Even though we rarely need to interact with PLiftable and its methods directly, it is worth understanding what exactly this type class requires from its instances.

Firstly, we define an associated type AsHaskell, which determines the 'Haskell equivalent' of the Plutarch type a. We can see which is which by looking at the kinds involved: a has the kind S -> Type (meaning, 'Plutarch type'), while AsHaskell a has the kind Type (meaning, 'Haskell type'). We also note that any type with a PLiftable instance must also have a PlutusType instance; this is not surprising, as we need some way of operating on whatever we bring into Plutarch.

In general, AsHaskell a must either be a type directly in the Plutus default universe, or else a type which has a Data encoding. Nearly every case you are likely to see, or define, will be one of these two. As a result, we provide two helpers to derive such instances with less effort (further description of these will come later).
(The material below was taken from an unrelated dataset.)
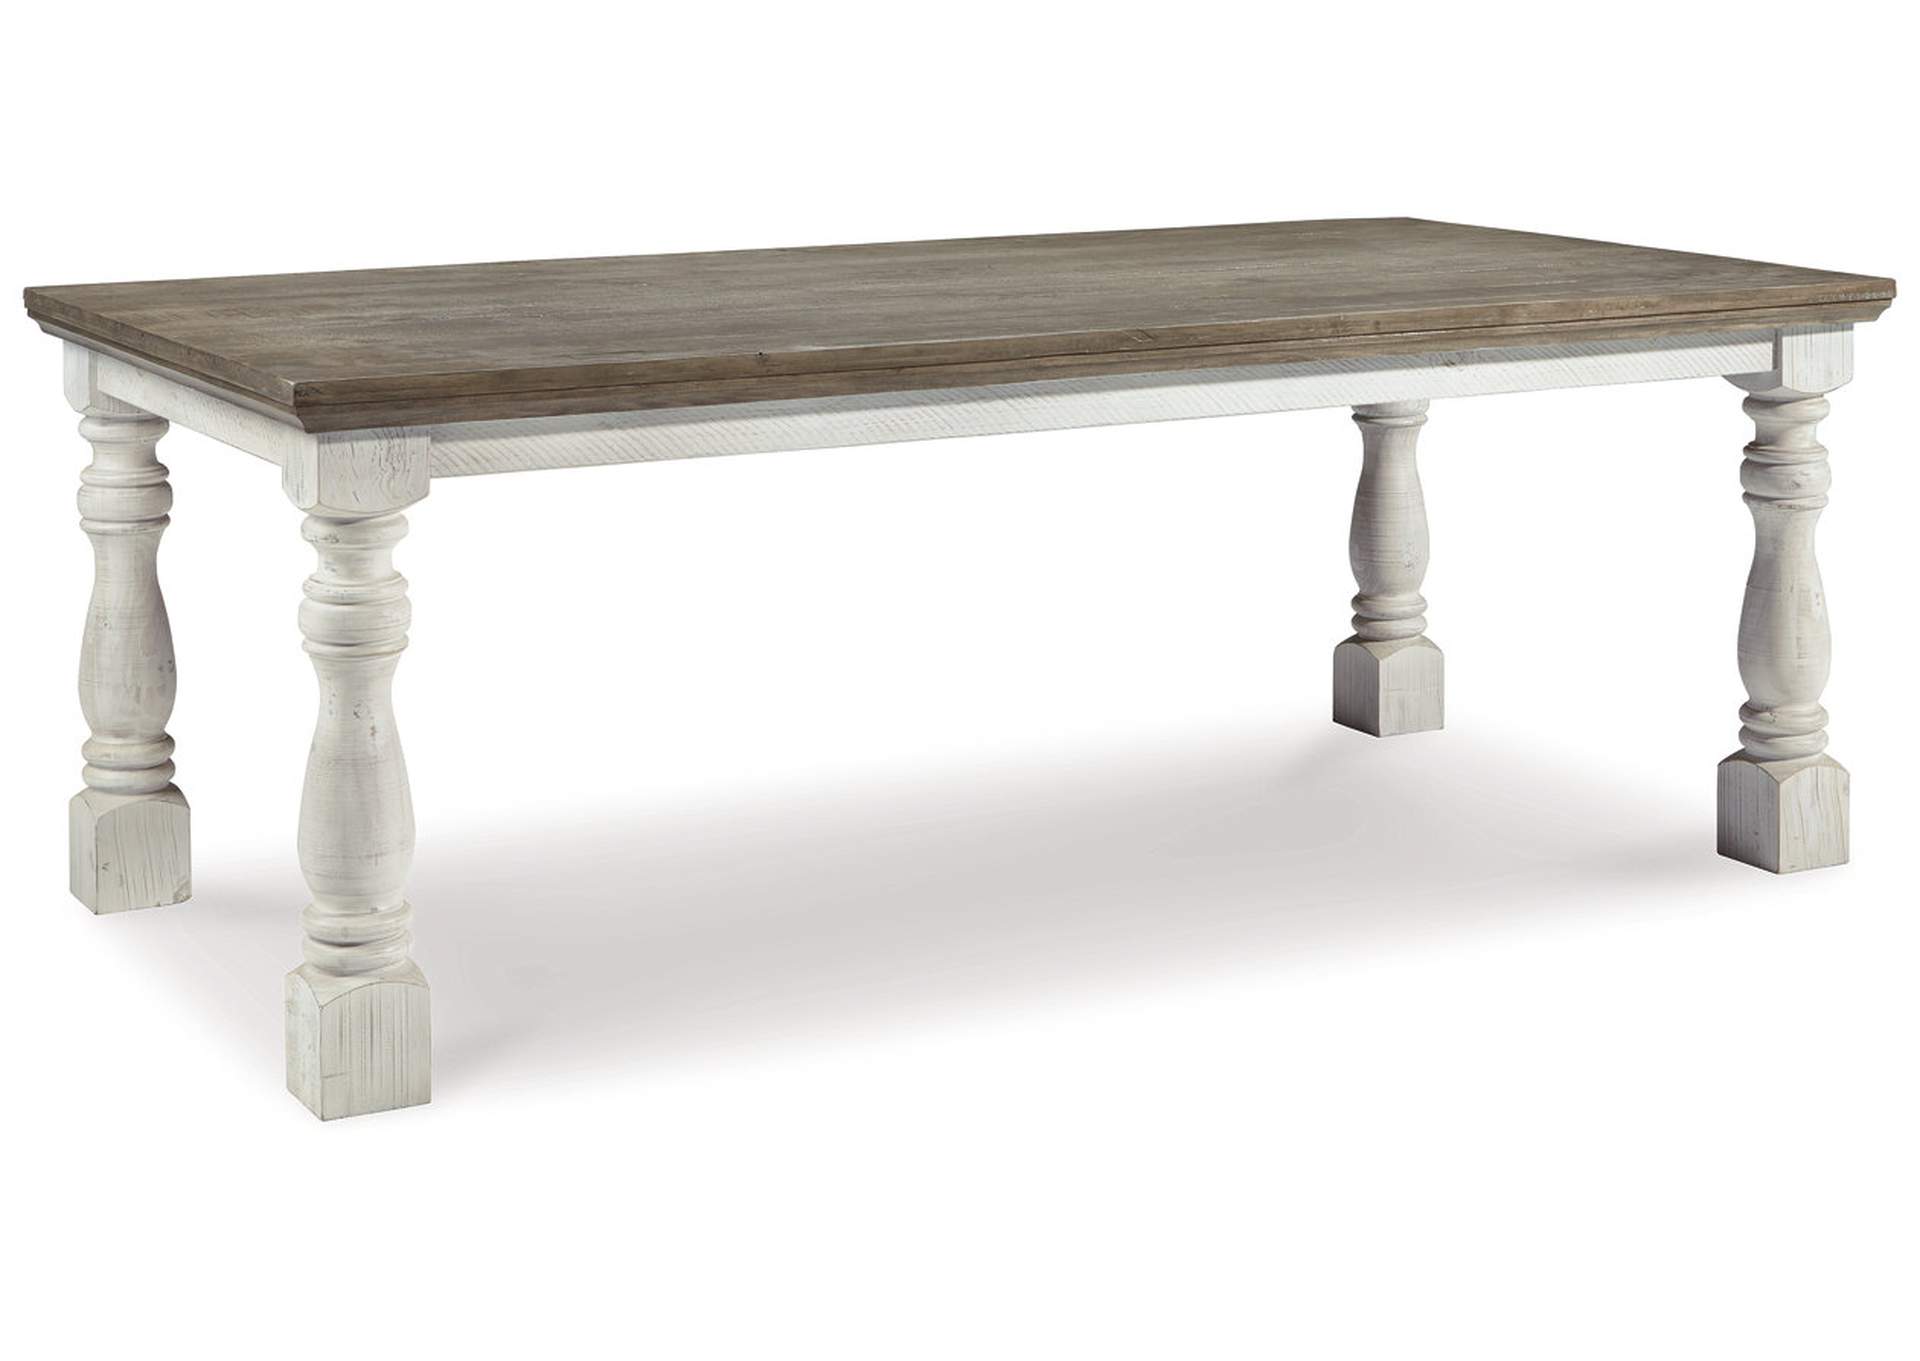 The Havalance Dining Table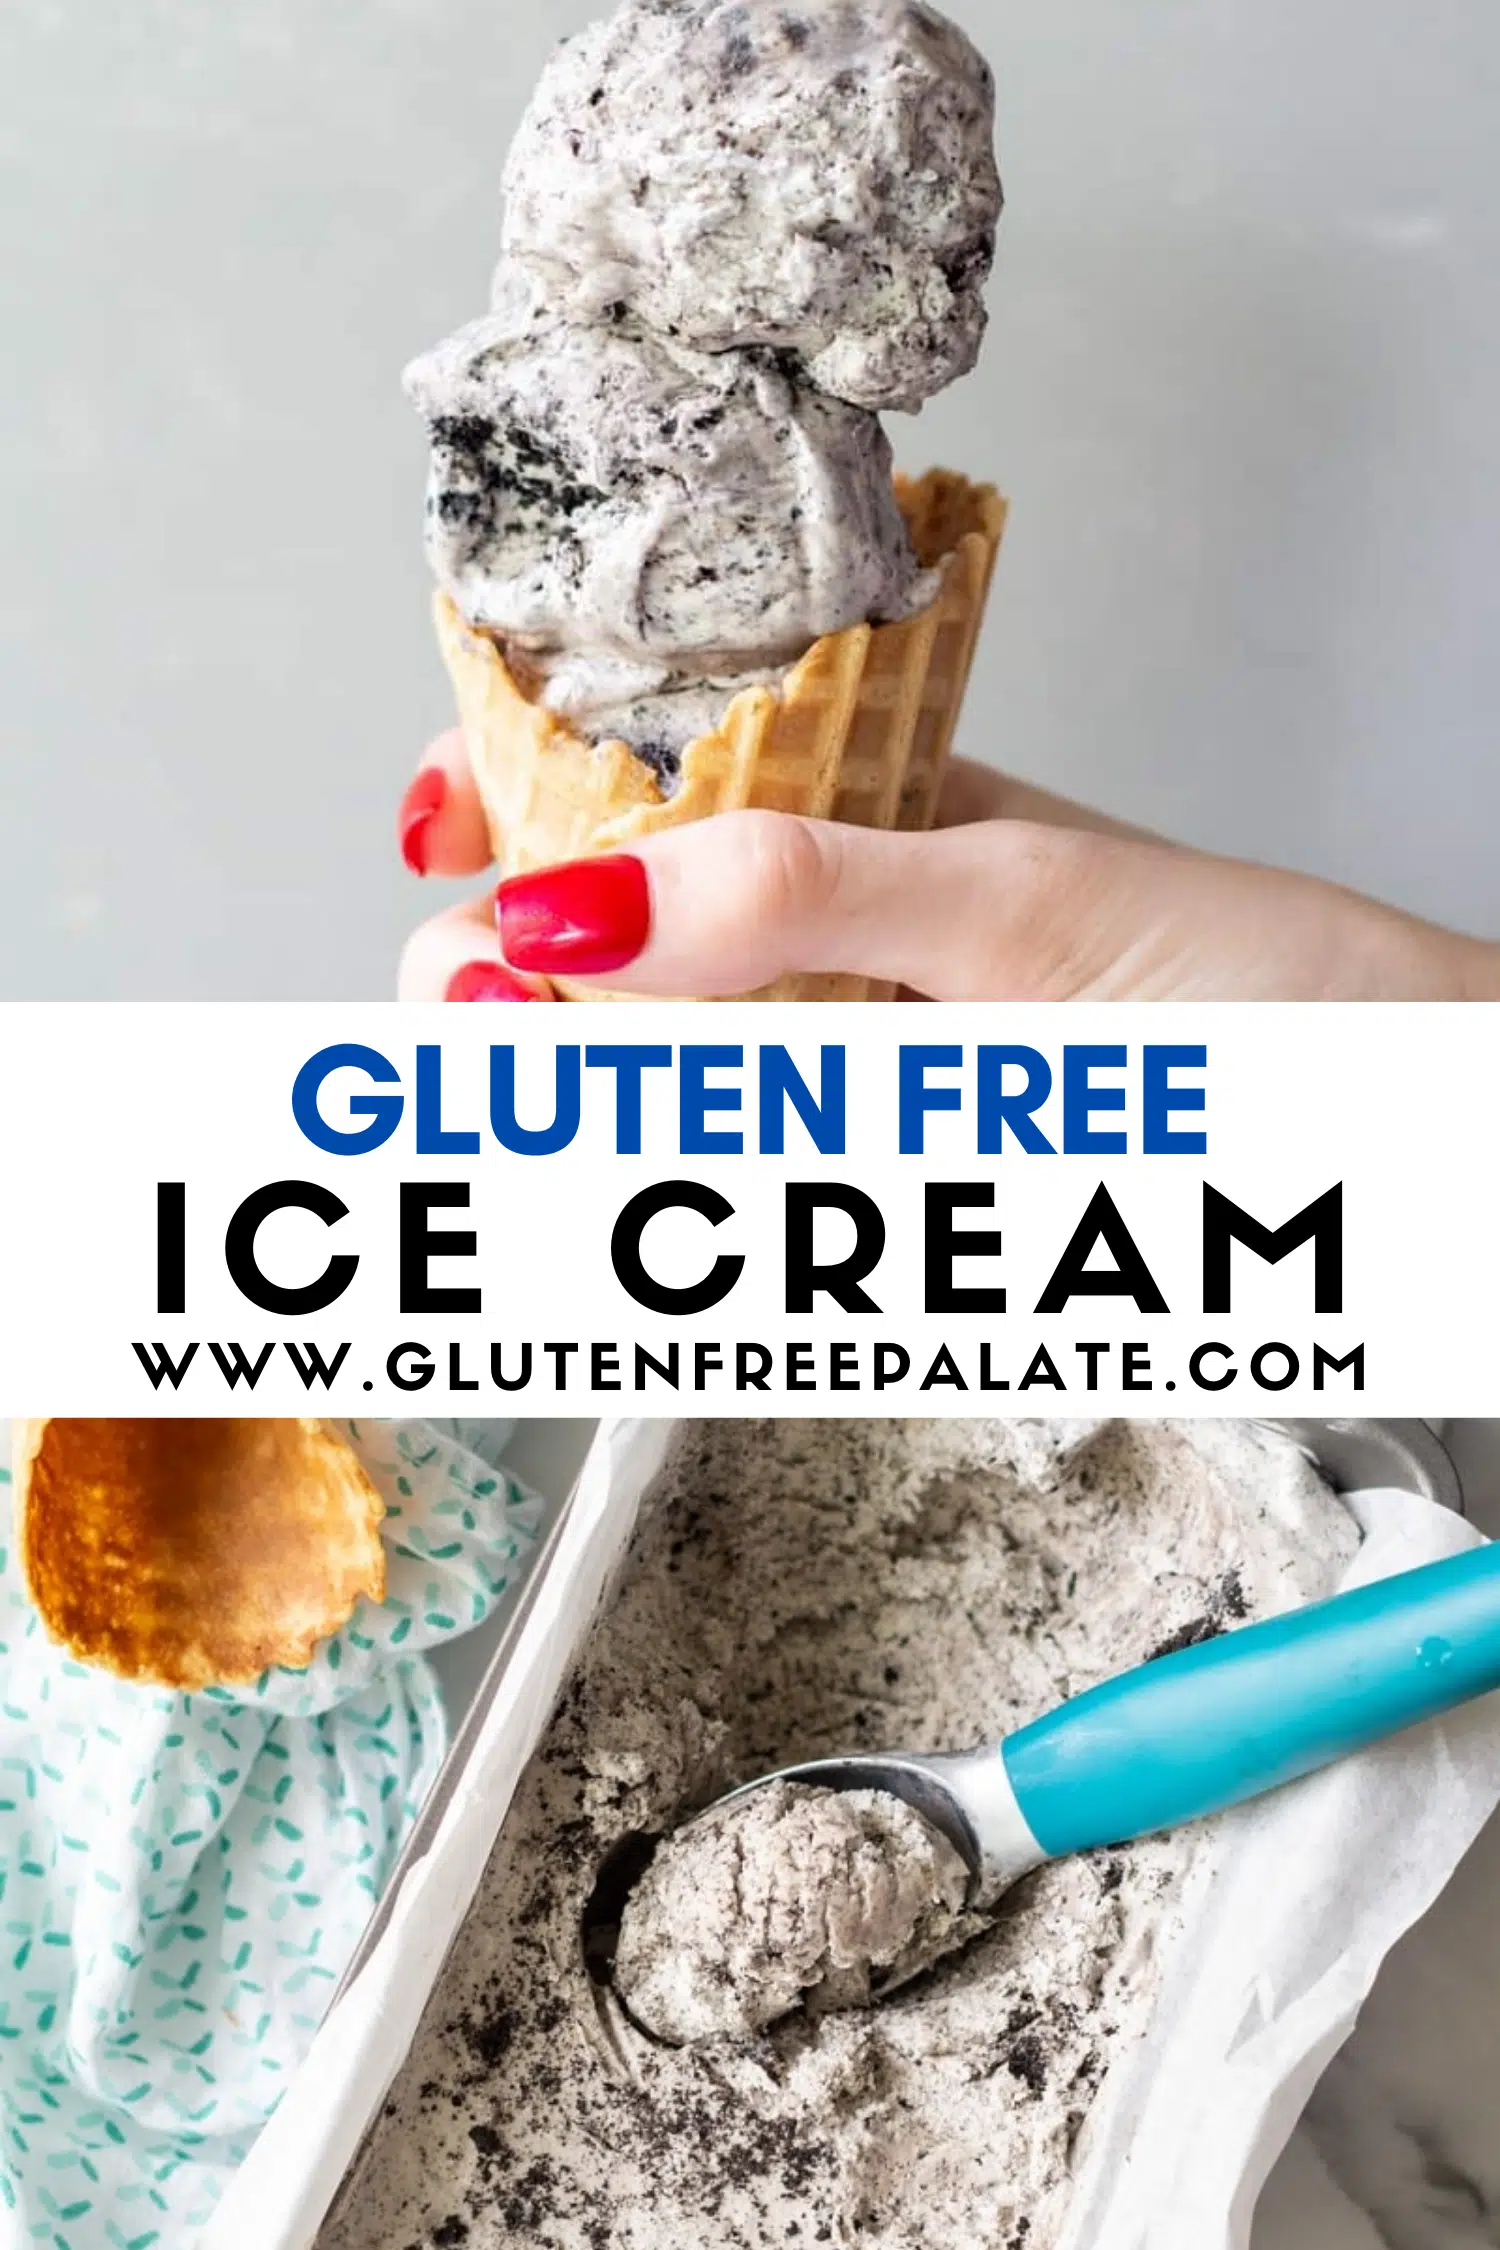 images of gluten free cookies and cream ice cream with a text overlay in the center

We also define two methods: one for moving from the 'Haskell world' into the 'Plutarch world', and another for the opposite direction. We note that the direction specified by toPlutarch is unconditional (cannot fail), whereas the direction specified by fromPlutarch is conditional (can fail). This is because a Plutarch term may represent a computation (valid or not), and to determine its Haskell-equivalent value, we must compile and evaluate the term, which could fail.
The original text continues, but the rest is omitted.